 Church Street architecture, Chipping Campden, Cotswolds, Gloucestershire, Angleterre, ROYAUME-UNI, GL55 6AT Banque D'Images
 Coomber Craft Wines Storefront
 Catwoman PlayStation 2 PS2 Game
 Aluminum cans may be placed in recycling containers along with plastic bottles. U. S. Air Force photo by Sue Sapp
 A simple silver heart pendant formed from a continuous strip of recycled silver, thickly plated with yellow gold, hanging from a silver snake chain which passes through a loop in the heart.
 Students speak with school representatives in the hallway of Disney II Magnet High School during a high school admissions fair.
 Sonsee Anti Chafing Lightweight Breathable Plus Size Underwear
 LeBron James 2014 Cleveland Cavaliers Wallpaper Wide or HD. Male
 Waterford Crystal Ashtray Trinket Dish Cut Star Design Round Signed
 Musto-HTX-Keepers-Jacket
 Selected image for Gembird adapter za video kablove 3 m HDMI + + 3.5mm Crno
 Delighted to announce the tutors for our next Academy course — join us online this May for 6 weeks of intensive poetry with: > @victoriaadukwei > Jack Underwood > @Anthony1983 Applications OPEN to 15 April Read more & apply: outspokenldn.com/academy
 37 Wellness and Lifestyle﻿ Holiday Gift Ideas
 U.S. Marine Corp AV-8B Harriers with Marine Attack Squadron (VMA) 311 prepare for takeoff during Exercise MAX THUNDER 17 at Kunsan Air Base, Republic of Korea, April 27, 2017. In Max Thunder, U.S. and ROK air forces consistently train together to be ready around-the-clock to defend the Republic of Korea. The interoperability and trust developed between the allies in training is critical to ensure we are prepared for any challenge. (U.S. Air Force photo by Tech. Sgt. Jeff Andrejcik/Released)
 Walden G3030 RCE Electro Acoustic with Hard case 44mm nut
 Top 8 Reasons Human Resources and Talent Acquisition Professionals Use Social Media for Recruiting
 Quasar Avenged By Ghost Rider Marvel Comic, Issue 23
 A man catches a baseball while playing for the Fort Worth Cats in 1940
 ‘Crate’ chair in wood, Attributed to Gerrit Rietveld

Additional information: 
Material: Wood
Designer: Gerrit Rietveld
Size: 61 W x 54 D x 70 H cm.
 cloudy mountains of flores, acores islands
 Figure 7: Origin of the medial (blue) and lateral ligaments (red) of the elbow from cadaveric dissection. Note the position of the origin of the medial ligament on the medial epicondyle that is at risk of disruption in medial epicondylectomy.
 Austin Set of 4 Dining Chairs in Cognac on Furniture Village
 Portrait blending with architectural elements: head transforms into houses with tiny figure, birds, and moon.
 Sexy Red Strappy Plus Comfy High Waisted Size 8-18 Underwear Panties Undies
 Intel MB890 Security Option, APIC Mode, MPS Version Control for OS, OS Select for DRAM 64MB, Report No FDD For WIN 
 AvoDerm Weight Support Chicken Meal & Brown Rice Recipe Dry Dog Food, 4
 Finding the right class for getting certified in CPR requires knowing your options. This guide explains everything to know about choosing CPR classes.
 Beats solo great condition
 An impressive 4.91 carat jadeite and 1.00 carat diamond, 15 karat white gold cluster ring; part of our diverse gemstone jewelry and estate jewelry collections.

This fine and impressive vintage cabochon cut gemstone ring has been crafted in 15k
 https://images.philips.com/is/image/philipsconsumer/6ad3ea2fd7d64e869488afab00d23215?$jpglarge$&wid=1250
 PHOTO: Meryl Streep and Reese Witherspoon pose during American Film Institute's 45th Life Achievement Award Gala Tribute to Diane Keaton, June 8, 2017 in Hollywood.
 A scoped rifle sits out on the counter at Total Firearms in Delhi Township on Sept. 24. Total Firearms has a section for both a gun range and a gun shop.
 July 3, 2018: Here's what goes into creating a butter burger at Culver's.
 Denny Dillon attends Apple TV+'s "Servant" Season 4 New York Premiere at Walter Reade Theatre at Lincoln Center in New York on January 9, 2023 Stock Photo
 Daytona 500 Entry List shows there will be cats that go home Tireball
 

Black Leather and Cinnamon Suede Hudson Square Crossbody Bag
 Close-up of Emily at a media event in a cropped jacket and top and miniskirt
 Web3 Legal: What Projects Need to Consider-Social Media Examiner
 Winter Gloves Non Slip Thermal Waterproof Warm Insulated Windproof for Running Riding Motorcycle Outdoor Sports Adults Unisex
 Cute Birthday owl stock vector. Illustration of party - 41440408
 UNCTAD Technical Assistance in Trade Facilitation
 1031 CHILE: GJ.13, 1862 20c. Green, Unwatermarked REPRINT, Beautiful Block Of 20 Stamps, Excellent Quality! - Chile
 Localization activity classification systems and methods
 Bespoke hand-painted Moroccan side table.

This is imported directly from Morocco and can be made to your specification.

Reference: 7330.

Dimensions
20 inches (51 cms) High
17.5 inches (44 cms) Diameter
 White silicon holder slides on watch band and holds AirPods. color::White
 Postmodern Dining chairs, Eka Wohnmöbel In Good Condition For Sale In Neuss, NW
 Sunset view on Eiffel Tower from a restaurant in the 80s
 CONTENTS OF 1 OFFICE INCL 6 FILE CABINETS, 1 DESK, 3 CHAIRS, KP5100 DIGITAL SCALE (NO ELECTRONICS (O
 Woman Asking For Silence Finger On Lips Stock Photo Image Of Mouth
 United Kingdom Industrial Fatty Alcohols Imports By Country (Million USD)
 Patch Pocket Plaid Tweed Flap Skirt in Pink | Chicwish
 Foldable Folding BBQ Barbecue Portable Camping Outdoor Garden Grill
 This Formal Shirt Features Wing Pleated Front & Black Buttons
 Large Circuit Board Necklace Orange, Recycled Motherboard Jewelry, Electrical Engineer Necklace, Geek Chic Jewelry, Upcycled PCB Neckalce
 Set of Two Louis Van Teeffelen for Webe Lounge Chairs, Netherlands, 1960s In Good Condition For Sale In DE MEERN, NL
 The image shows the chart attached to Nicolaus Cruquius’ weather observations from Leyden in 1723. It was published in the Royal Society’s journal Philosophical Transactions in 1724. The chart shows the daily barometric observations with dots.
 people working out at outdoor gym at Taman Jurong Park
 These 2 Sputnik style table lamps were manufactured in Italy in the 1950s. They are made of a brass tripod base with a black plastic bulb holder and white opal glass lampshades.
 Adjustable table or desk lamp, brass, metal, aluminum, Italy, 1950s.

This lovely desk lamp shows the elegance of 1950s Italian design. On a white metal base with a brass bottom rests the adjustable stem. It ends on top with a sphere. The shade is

----------

What you will do. Your answer must be the lines from the first line of the records through the line containing "37 Wellness and", copied exactly.

Written reply.
 Church Street architecture, Chipping Campden, Cotswolds, Gloucestershire, Angleterre, ROYAUME-UNI, GL55 6AT Banque D'Images
 Coomber Craft Wines Storefront
 Catwoman PlayStation 2 PS2 Game
 Aluminum cans may be placed in recycling containers along with plastic bottles. U. S. Air Force photo by Sue Sapp
 A simple silver heart pendant formed from a continuous strip of recycled silver, thickly plated with yellow gold, hanging from a silver snake chain which passes through a loop in the heart.
 Students speak with school representatives in the hallway of Disney II Magnet High School during a high school admissions fair.
 Sonsee Anti Chafing Lightweight Breathable Plus Size Underwear
 LeBron James 2014 Cleveland Cavaliers Wallpaper Wide or HD. Male
 Waterford Crystal Ashtray Trinket Dish Cut Star Design Round Signed
 Musto-HTX-Keepers-Jacket
 Selected image for Gembird adapter za video kablove 3 m HDMI + + 3.5mm Crno
 Delighted to announce the tutors for our next Academy course — join us online this May for 6 weeks of intensive poetry with: > @victoriaadukwei > Jack Underwood > @Anthony1983 Applications OPEN to 15 April Read more & apply: outspokenldn.com/academy
 37 Wellness and Lifestyle﻿ Holiday Gift Ideas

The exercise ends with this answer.